Testing vs. Education?

“One thing I never want to see happen is schools that are just teaching the test because then you’re not learning about the world, you’re not learning about different cultures, you’re not learning about science, you’re not learning about math,” the president said. “All you’re learning about is how to fill out a little bubble on an exam and little tricks that you need to do in order to take a test and that’s not going to make education interesting.”

“And young people do well in stuff that they’re interested in,” Obama said. “They’re not going to do as well if it’s boring.”

— President Barak Obama, 28 March 2011: Town hall hosted by the Univision Spanish-language television network at Bell Multicultural High School in Washington, D.C. [Quote from an AP story on MSNBC]

Quite right!   Tests are not education.  At most, they are tools to help the teacher do a better job, by telling him/her what has been understood and what still needs work.   And education isn’t something that can be delivered to students, like pre-mixed concrete.  It requires the active participation of the learner.  And a lot of effort gets devoted to learning to take tests.

At most?  Did I say “at most”?   Of course, tests fulfil another function: they let universities charge you money to get a degree.  Having good test results makes you a valuable product, and employers will pay money to get the services of such people.  Consequently, such people will be willing to pay money to the universities in exchange for a diploma.  So, testing is also a round-about way of funding universities.

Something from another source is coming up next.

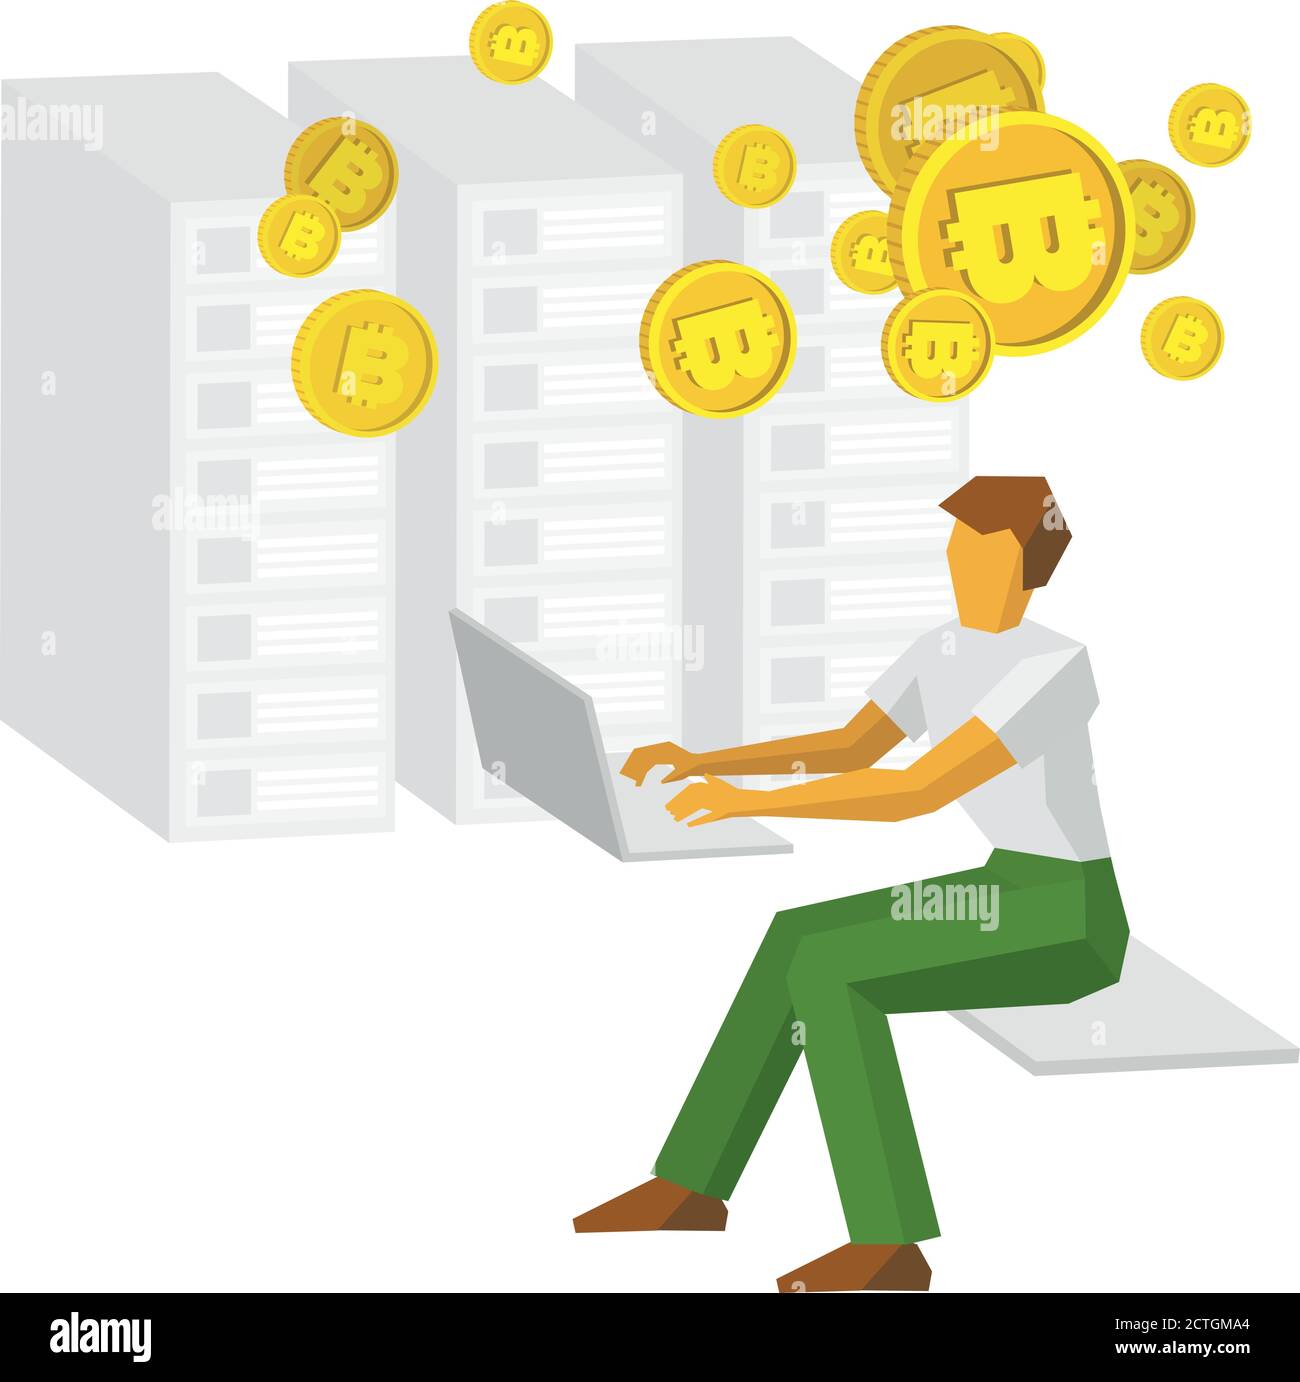 Man working on a computer and mining bitcoins. Mainframes (servers) at the back. Business concept - cryptocurrency, profit growth, easy money. Flat st Stock Vector

Economically, testing is analogous to the advertisements that appear on web pages.  The adverts (and the testing) provide money to the organization that writes the web pages / does the teaching.  But in both cases, the adverts (tests) really have very little to do with the core function that the reader (student) cares about.  In both cases, the adverts (tests) detract from the main experience, by distracting you from what you really wanted to do, and by wasting your time.    Also, both adverts and tests have grown vastly in importance, and both have become the tail that wags the dog.